(DATA BELOW begins)

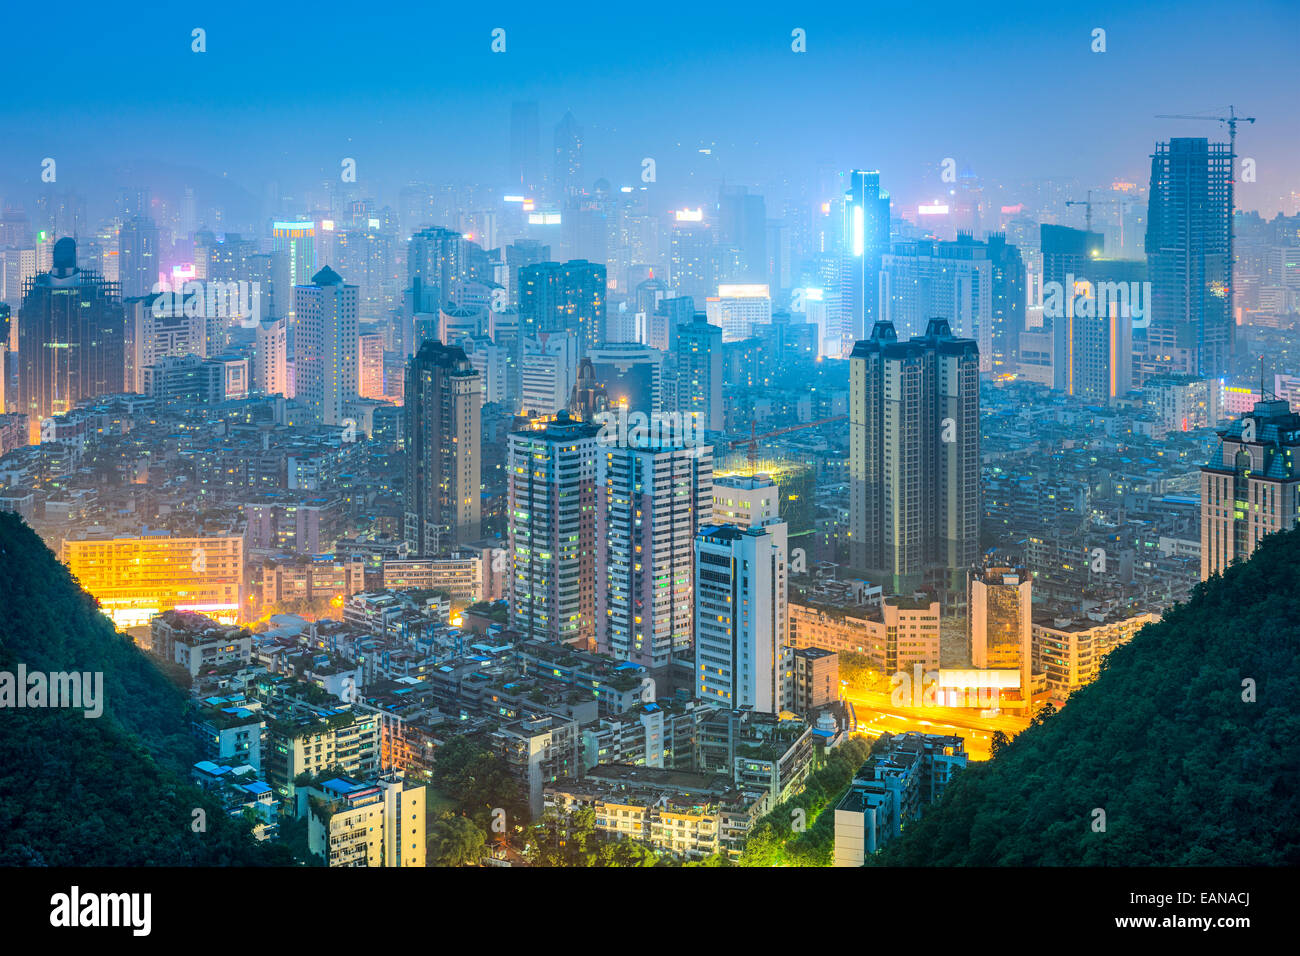 Guiyang, Guizhou, China downtown city skyline. - Stock Image
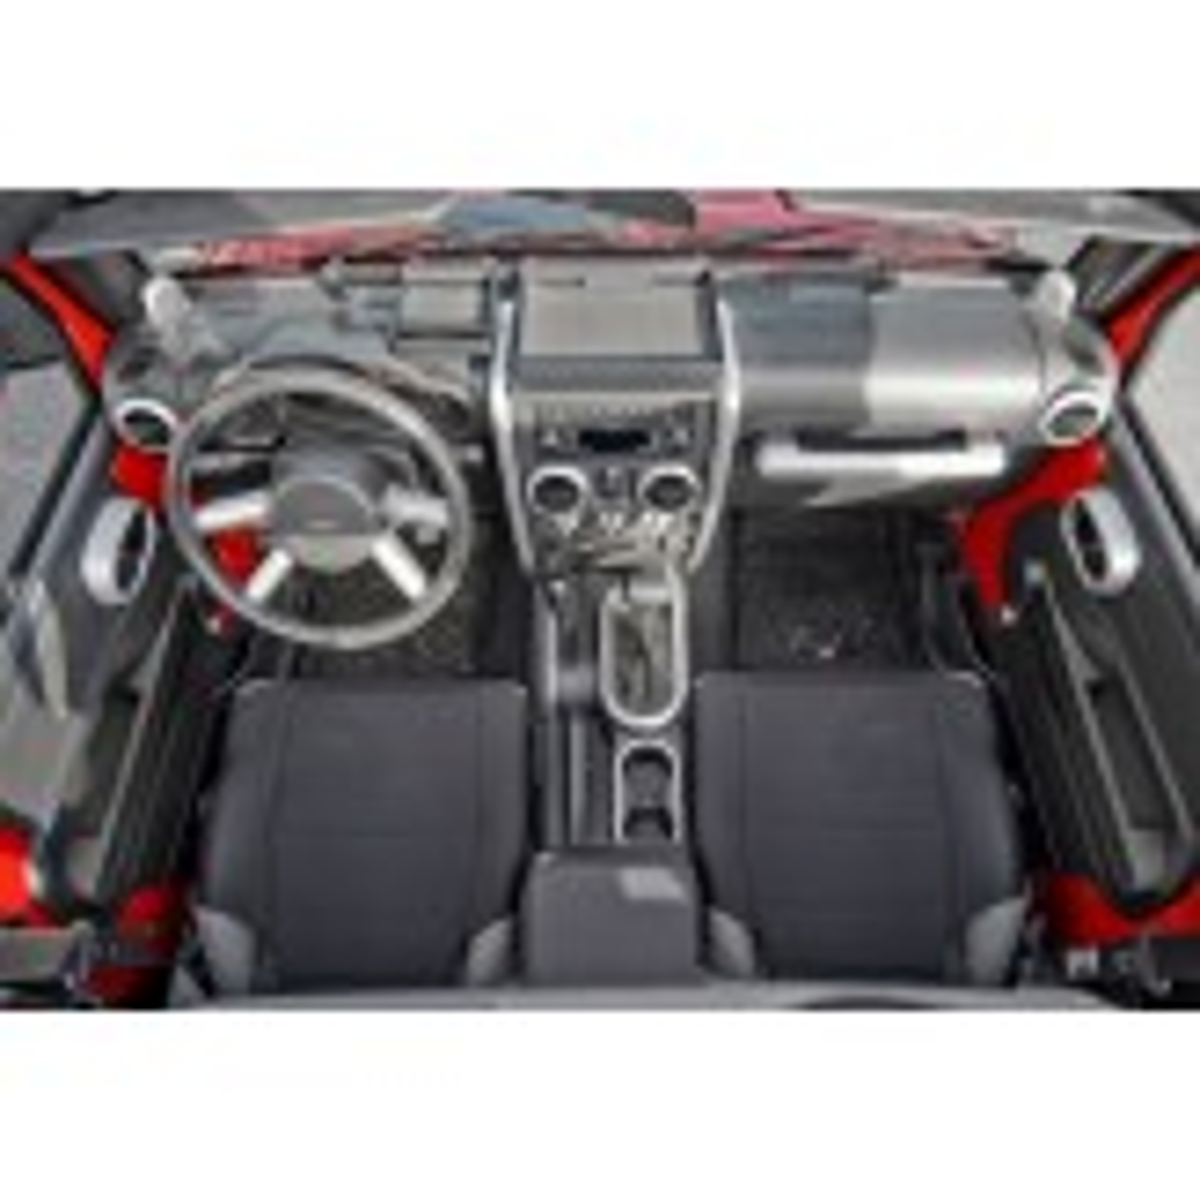 Interior Trim Accent Kit, Brushed Silver; 07-10 Jeep Wrangler JK
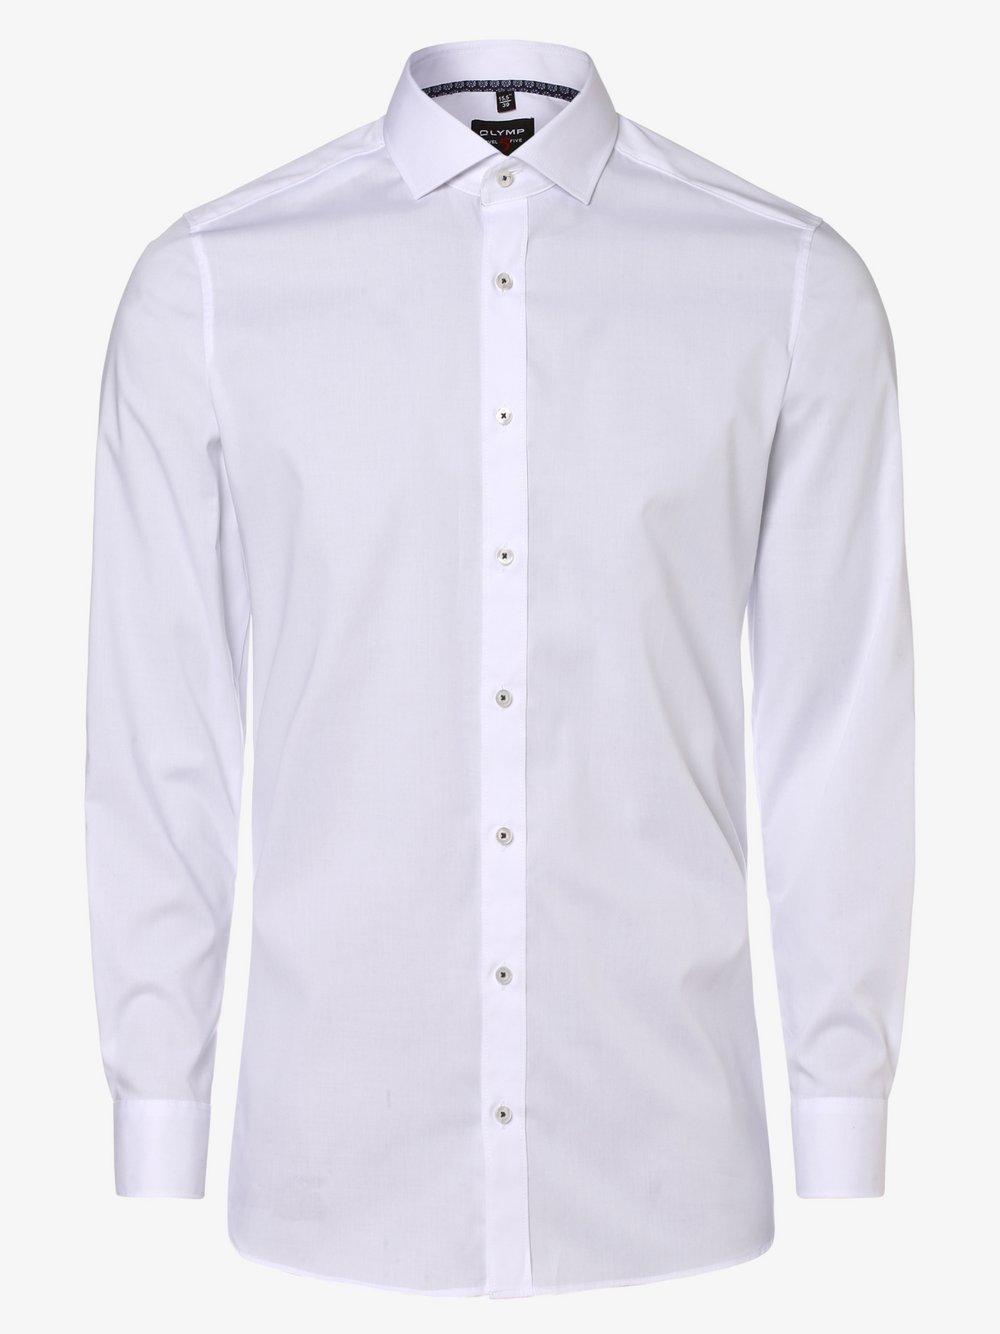 Olymp Level Five – Koszula męska łatwa w prasowaniu, biały Van Graaf 449265-0002-00430

(DATA BELOW ends)

WHAT THE TASK ASKS: Restate the material above exactly. Exclude all pictures.

ANSWER BOX:
 Guiyang, Guizhou, China downtown city skyline. - Stock Image
 Interior Trim Accent Kit, Brushed Silver; 07-10 Jeep Wrangler JK
 Olymp Level Five – Koszula męska łatwa w prasowaniu, biały Van Graaf 449265-0002-00430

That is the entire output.